Historic African American Properties


Historic properties associated with African Americans form an important subset of the state's historic properties. A large population of African Americans has lived in Georgia, making important contributions to the state's history and culture. Overall, the pattern of historic properties associated with African Americans in Georgia is similar to the statewide profile in terms of types of buildings and periods of development. However, significant differences distinguish African American historic properties in at least five ways:
 

  • First and foremost, there are proportionally far fewer extant historic properties associated with African Americans. Although African Americans historically made up approximately one-third of the state's population, fewer than ten percent of the state’s historic properties are known to be directly associated with African Americans. Part of this disproportion is due to the fact that many historic properties associated with African American history have been lost through demolition, neglect, or replacement. Another reason is that until recently African -American associations with extant historic properties have not been well documented; with continuing advances in historical research, more historic properties associated with Georgia's African American population are being documented.
     
  • Second, there are differences in the relative numbers of the different types of extant historic buildings associated with African Americans. Houses constitute a smaller percentage, while community landmark buildings make up a much larger percentage. Two-thirds of African American community landmark buildings are churches, compared with one-half statewide. Another large percentage are schools. Very few historic African American owned-and-operated farms have been documented, although a number are represented in National Register listings and Centennial Farm designations; conversely, many farms and plantations in the Piedmont, Coastal Plain, and Coastal regions were worked and even managed by enslaved African Americans prior to the Civil War and by African American tenant farmers during the late 19th and early 20th centuries, but relatively few associated buildings and structures remain.
     
  • Third, the environmental setting of Georgia's African American historic properties differs from the statewide profile. Greater percentages are in urban areas including smaller cities and towns. Correspondingly smaller percentages are located in rural areas.
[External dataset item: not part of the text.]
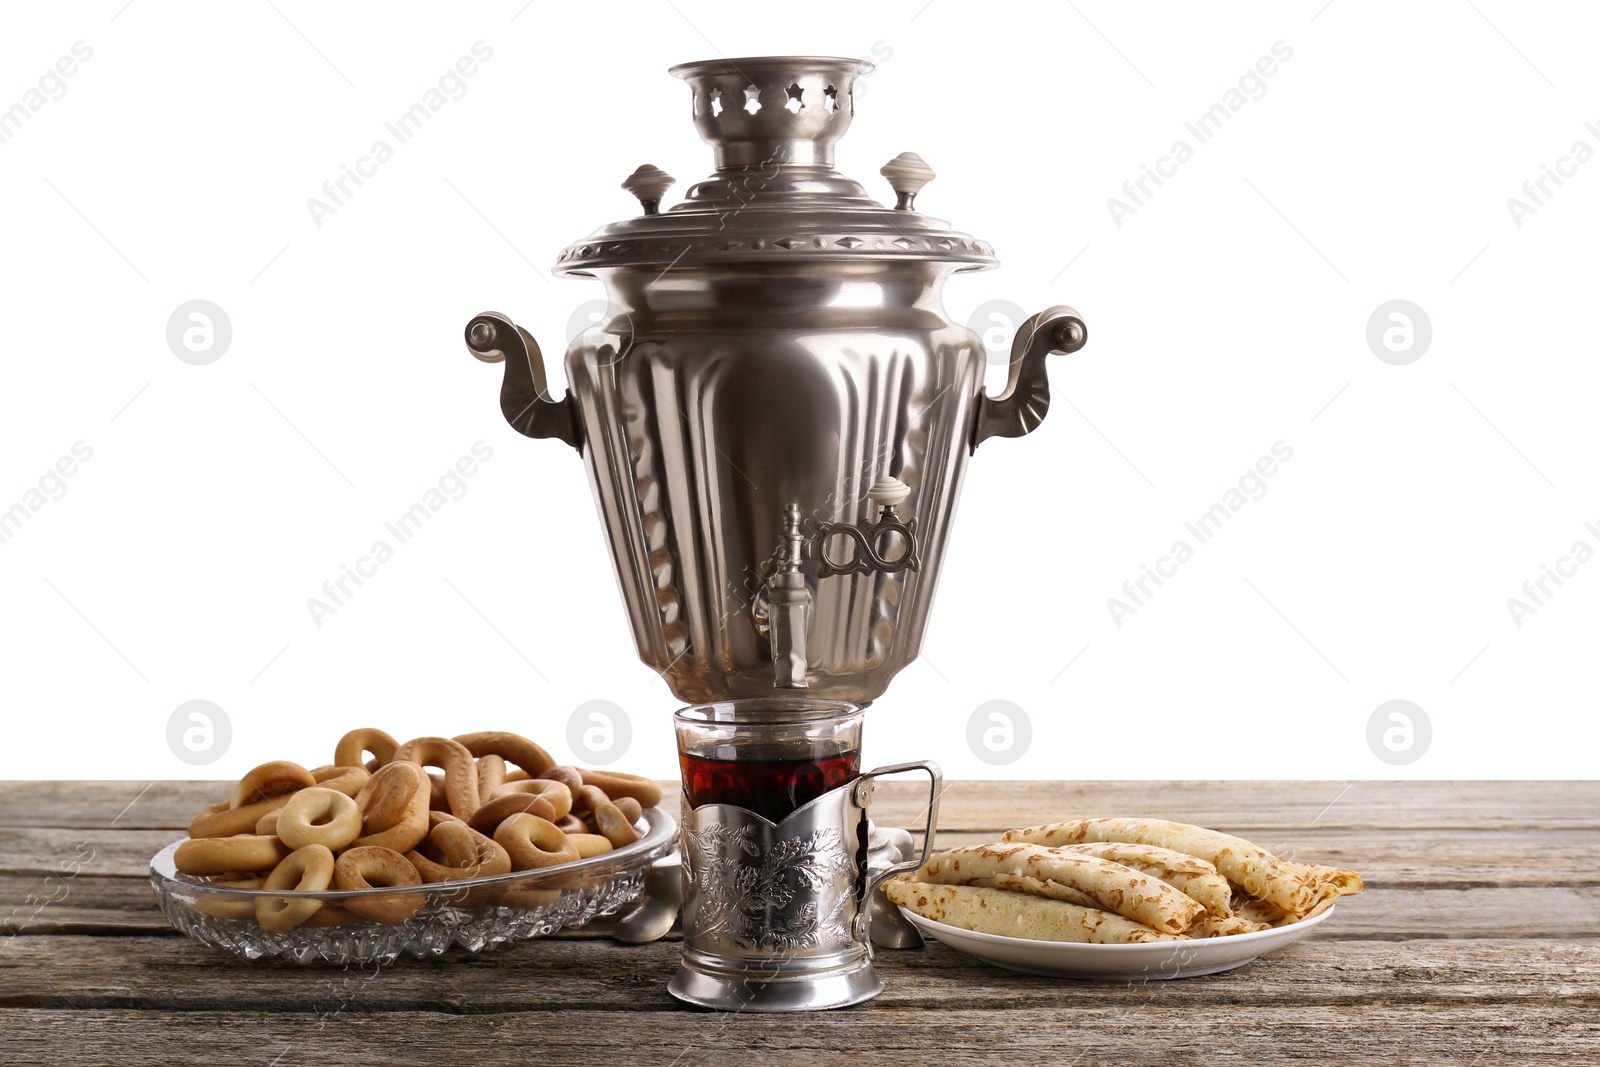 Photo of Vintage samovar, cup of hot drink and snacks on wooden table against white background. Traditional Russian tea ceremony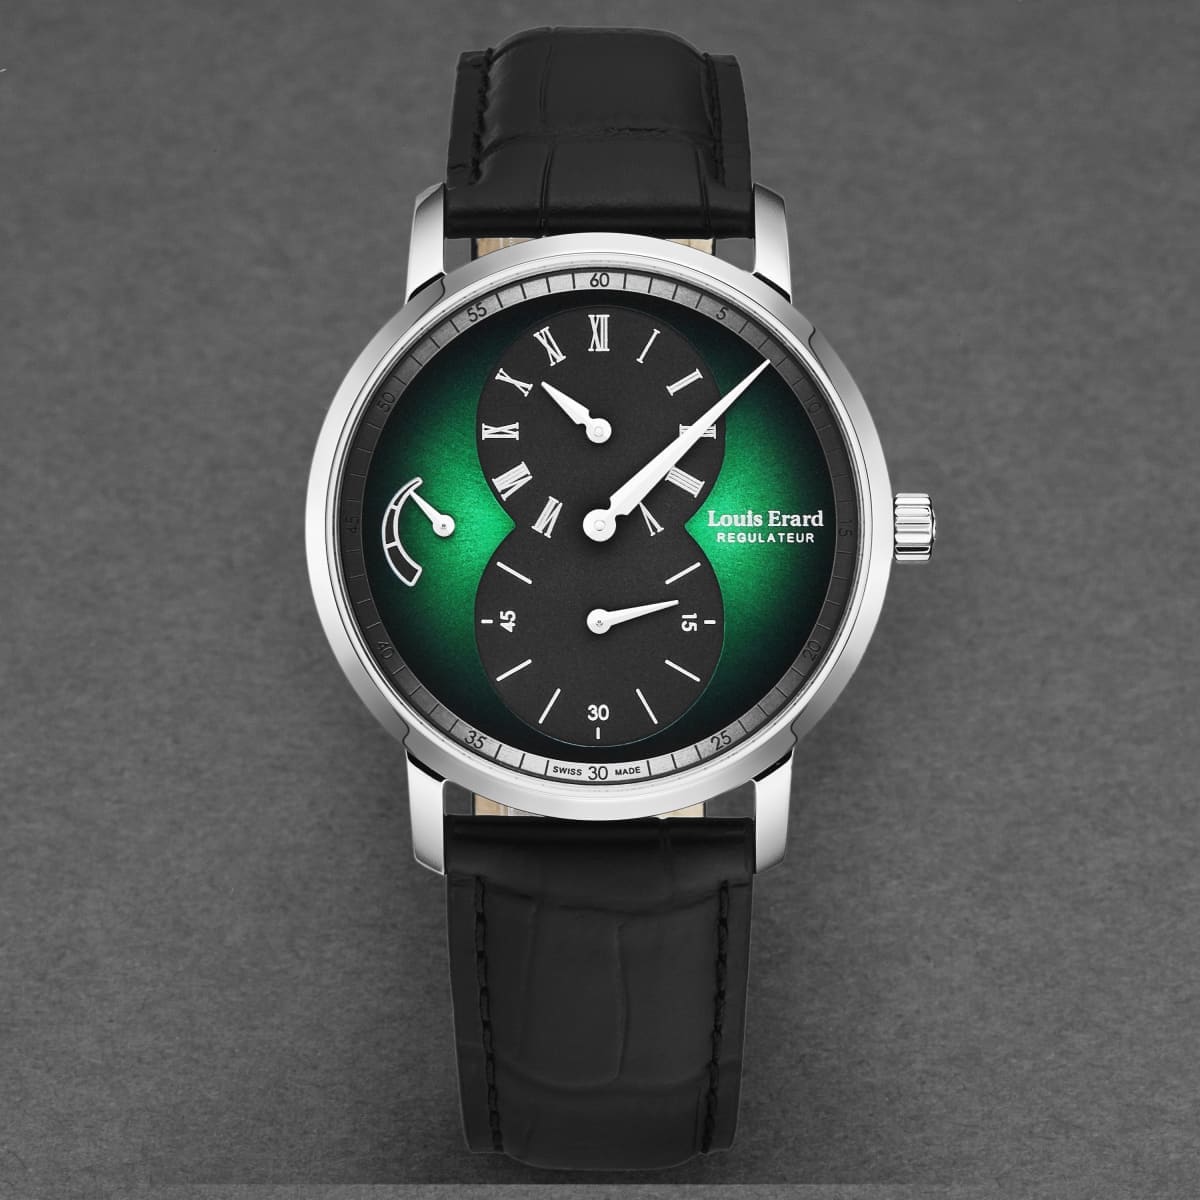 Louis Erard Men’s ’Excellence’ Green/Black Dial Black Leather Strap Manual Wind Watch 54230AG59.BDC02 - On sale

Far fewer are in suburban areas; the city of Atlanta is an exception, with its extraordinary collection of 20th century African American suburbs stretching westward from the Atlanta University Center to Collier Heights. Another difference in the environmental setting is due to racially segregated settlement patterns.  In many communities, all African American historic properties are situated in the same relatively small area.  As a result, large and small houses, community landmarks and places of work, industries and recreational facilities, all are juxtaposed in a distinctive community amalgam that is different from white-occupied historic areas where "zoning," whether by ordinance or practice, tended to separate disparate land uses and building types. In rural areas, many African American houses are clustered in distinctive hamlets, sometimes with a small country store and occasionally a church and school.
     
  • Fourth, there are significant differences in the architectural characteristics of houses associated with African Americans. The percentage of vernacular (or "no academic style") houses is much higher, and there is a greater prevalence of smaller house types and forms such as shotguns, hall-parlor houses, double pens, and saddlebag-type houses.
     
  • Finally, with regard to historic landscapes, African American associations are not well documented in existing surveys. Distinctive landscape traditions dating from the antebellum period through the mid-20th century, characterized by strong cultural associations and symbolic meanings rather than visual aesthetics, have been recognized in the past few years.  In other cases, documented African American landscapes such as the swept yard have virtually disappeared.